Instructions for the task ::
For the lines from the one with "CYCLIST LIZZIE ARMISTEAD" to the end of the listing below, both ends included, give an exact copy and nothing more. Do not copy pictures.

The data ::

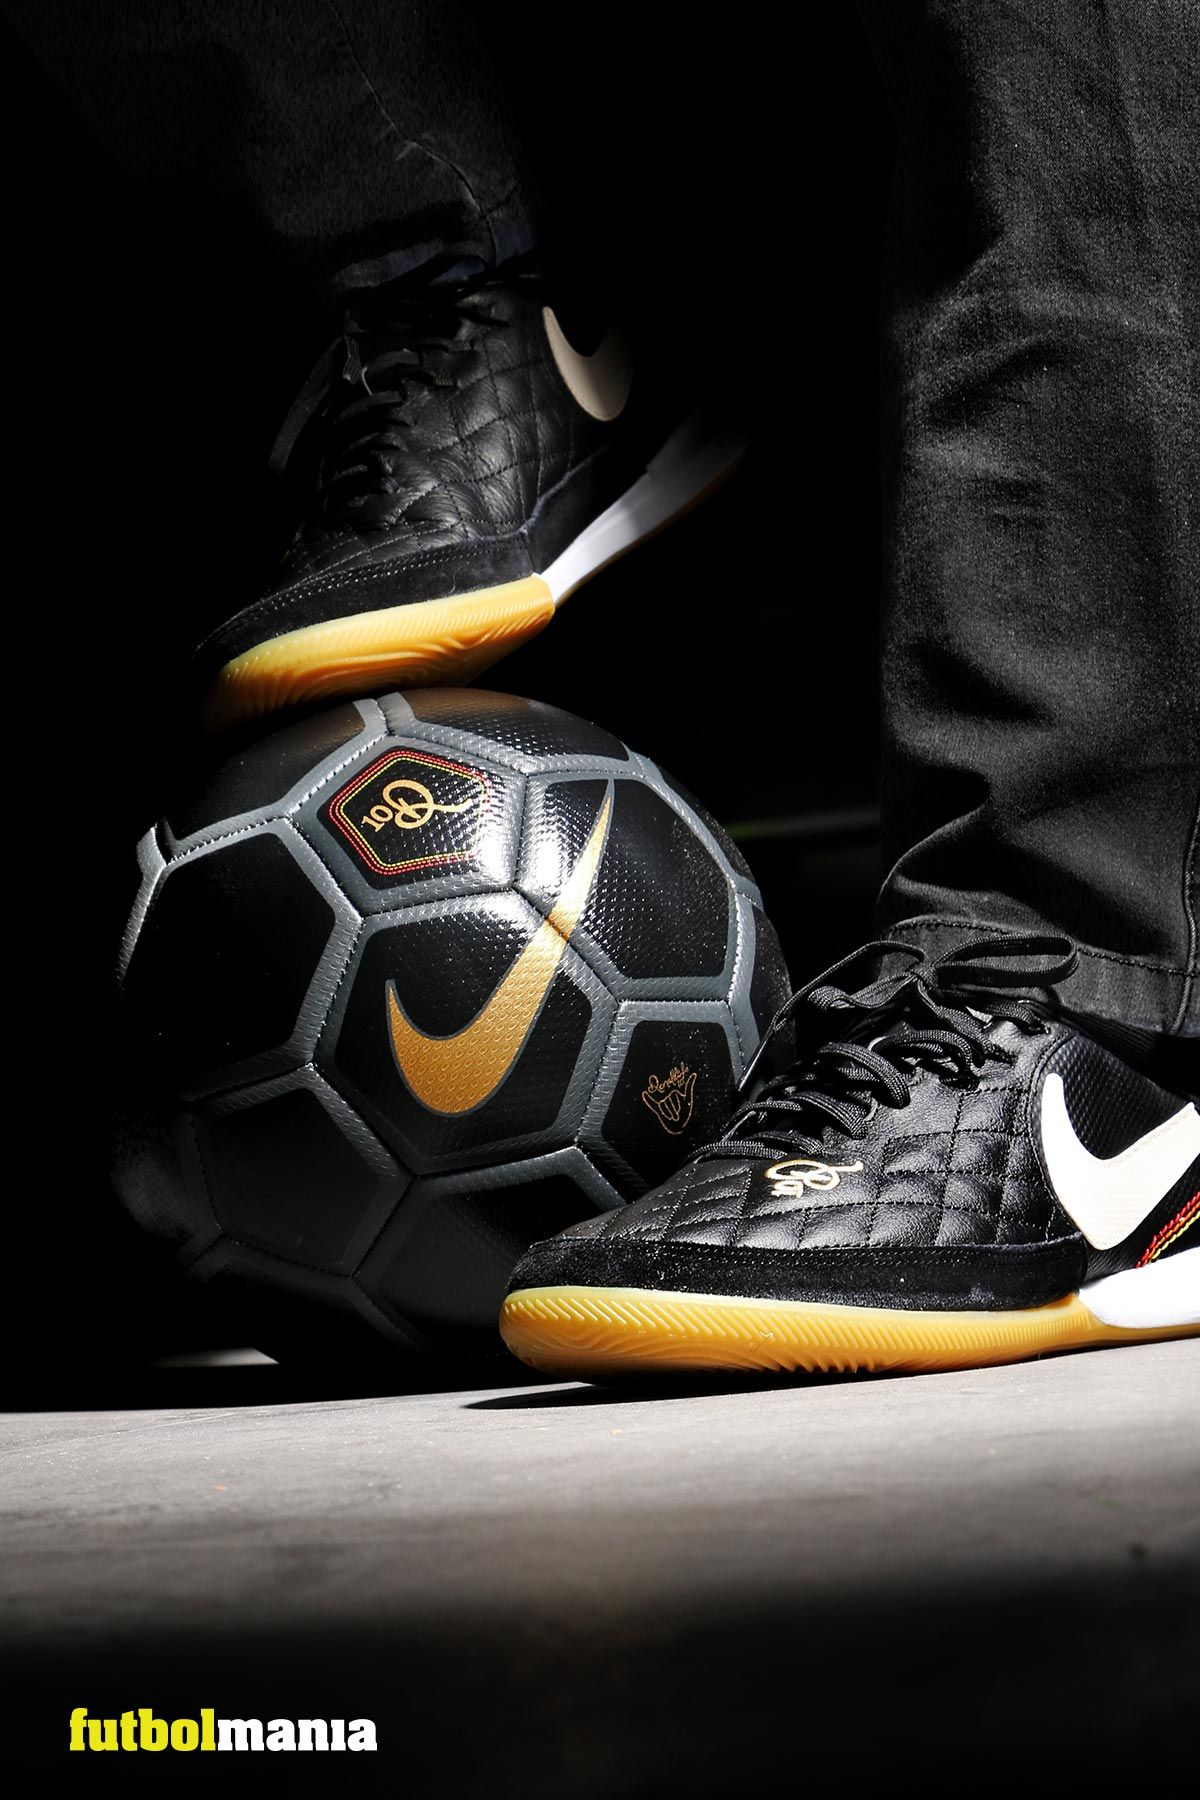 tienda de liquidación la mejor moda precios baratass Pin de Johan presinal en Football boots | Balón de fútbol ...
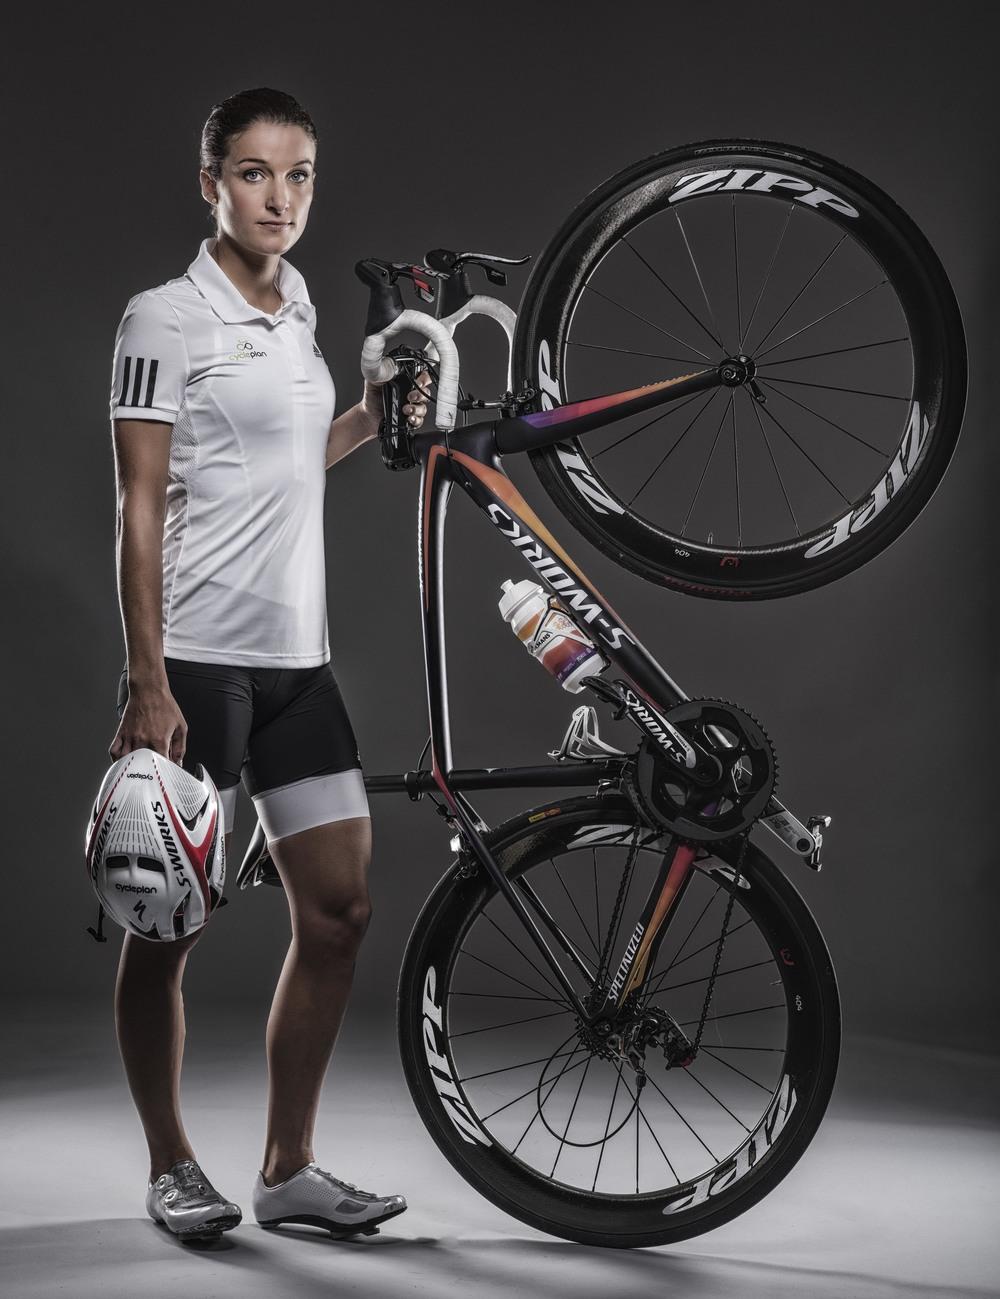 CYCLIST LIZZIE ARMISTEAD PHOTO CREDIT PAUL COOPER/PCOOPERPHOTO.COM
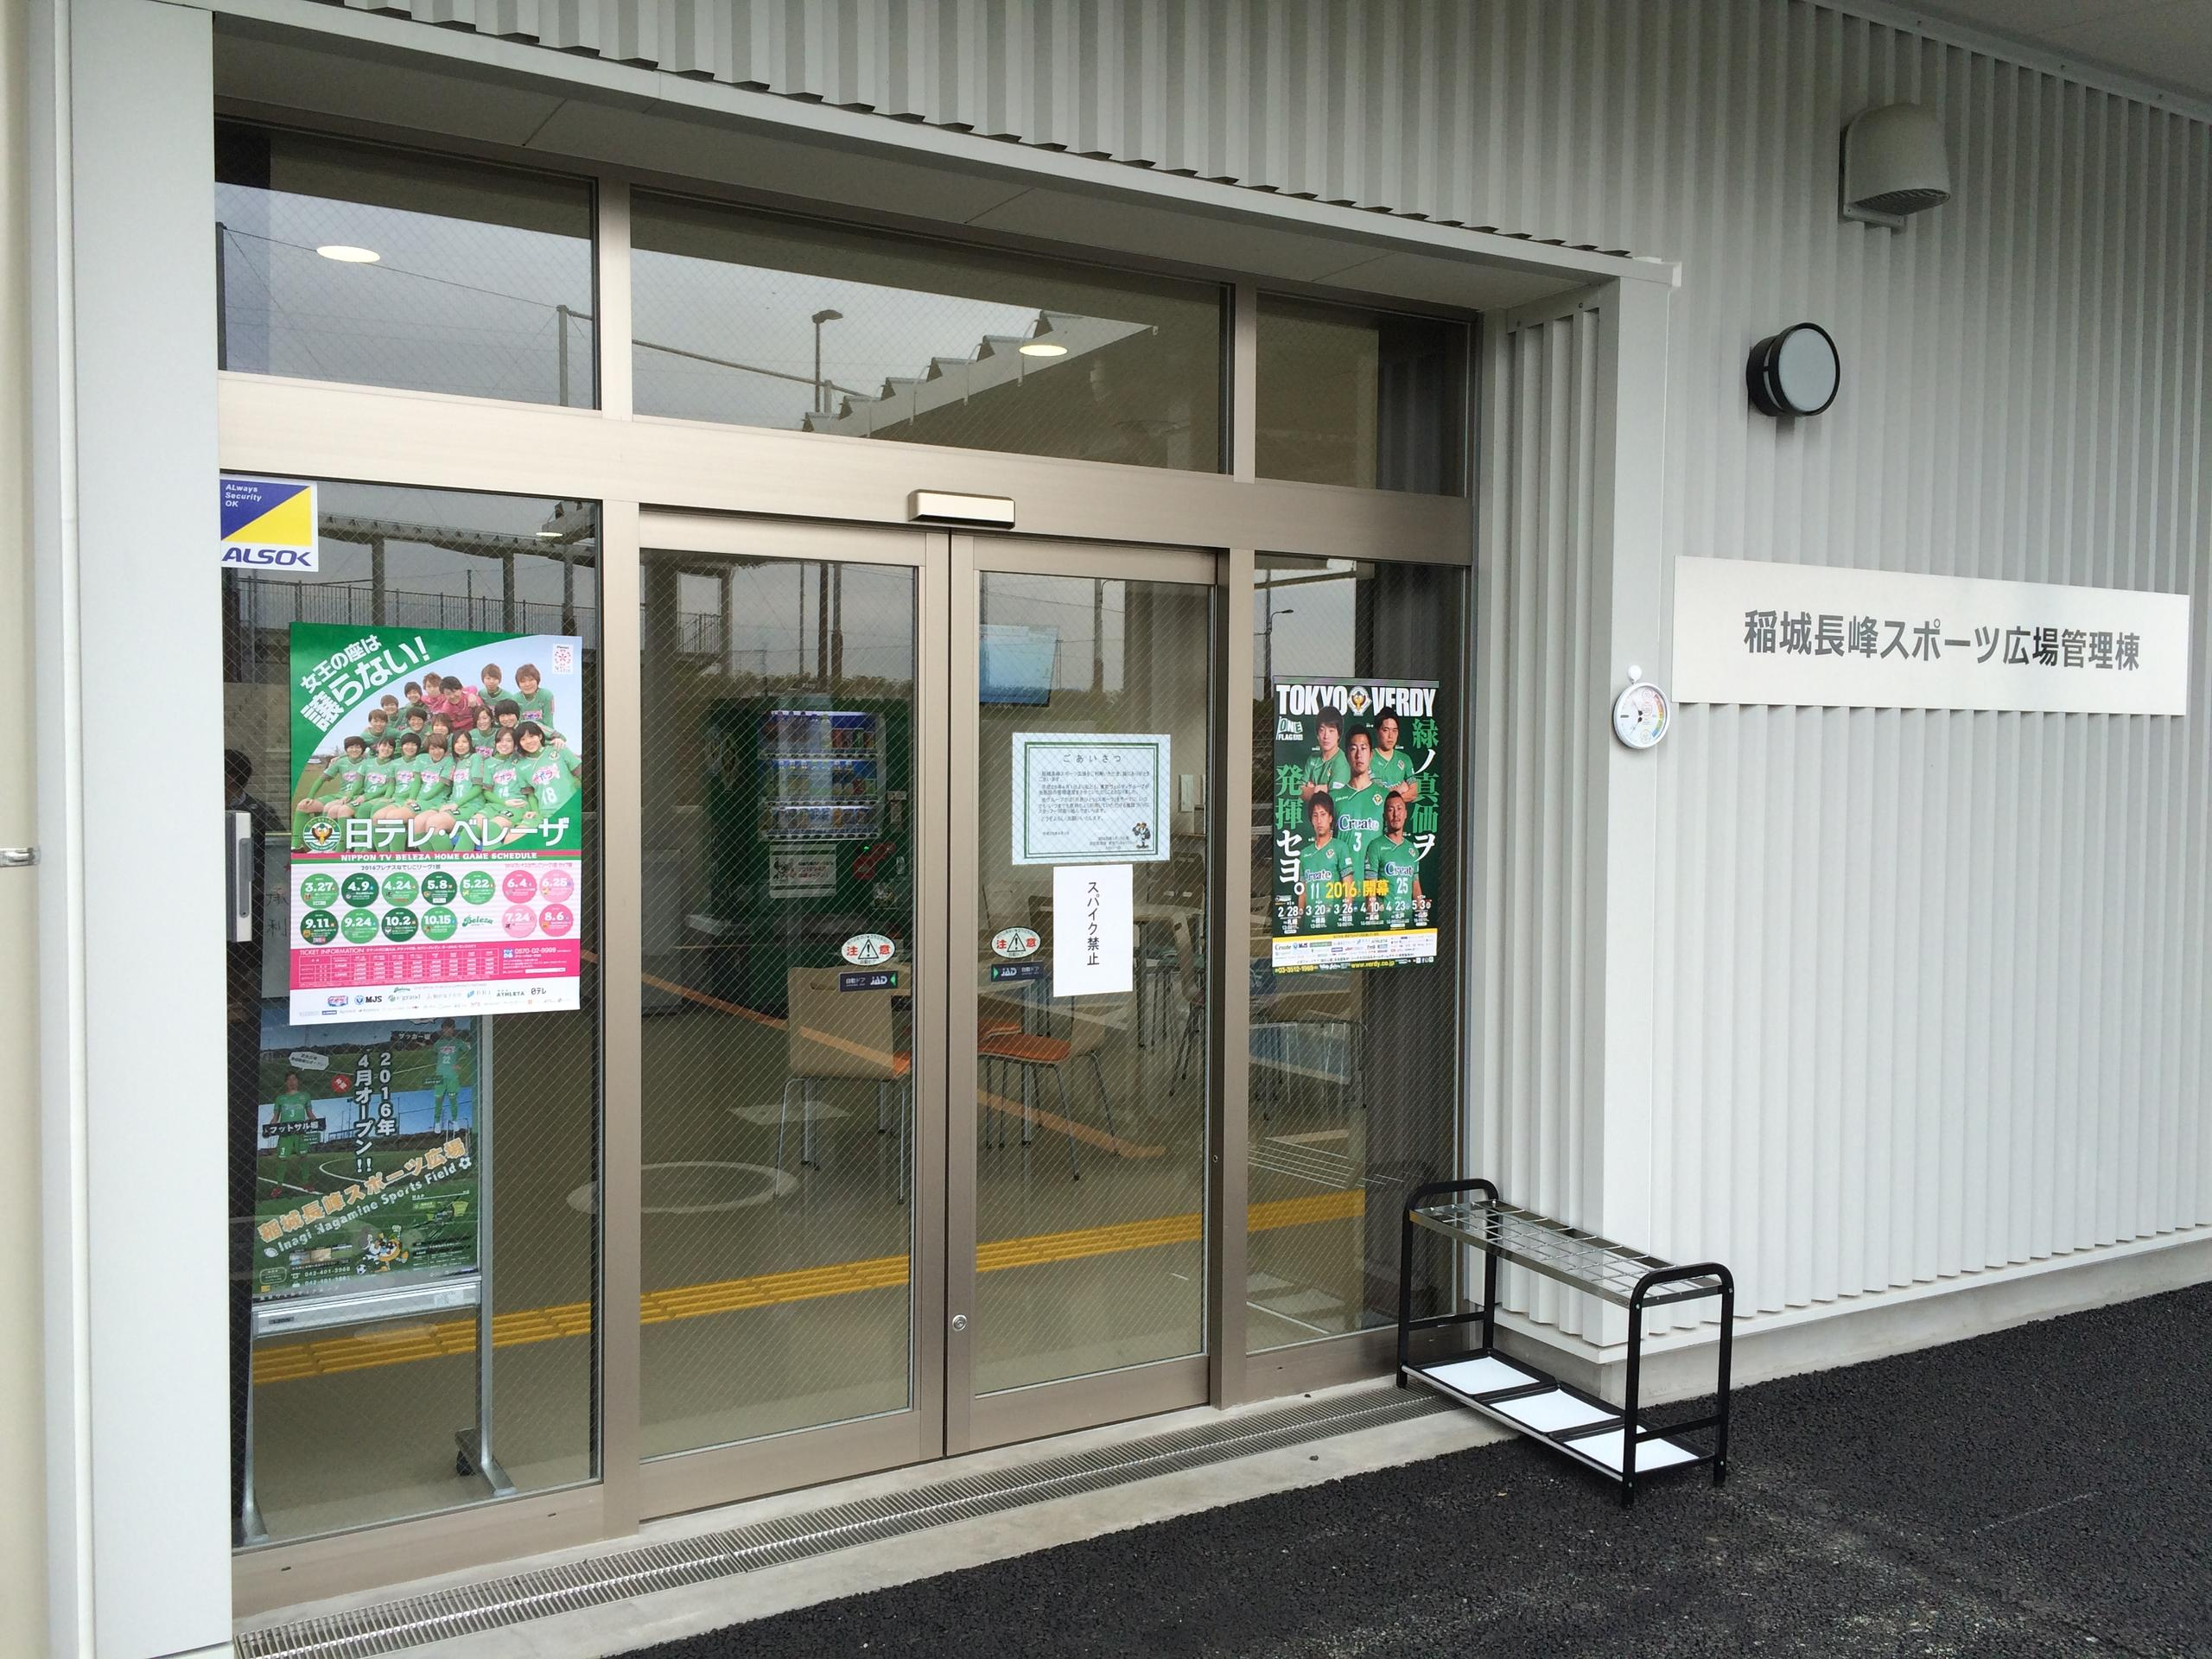 20160401inagi (2).JPG

Task output ::
 CYCLIST LIZZIE ARMISTEAD PHOTO CREDIT PAUL COOPER/PCOOPERPHOTO.COM
 20160401inagi (2).JPG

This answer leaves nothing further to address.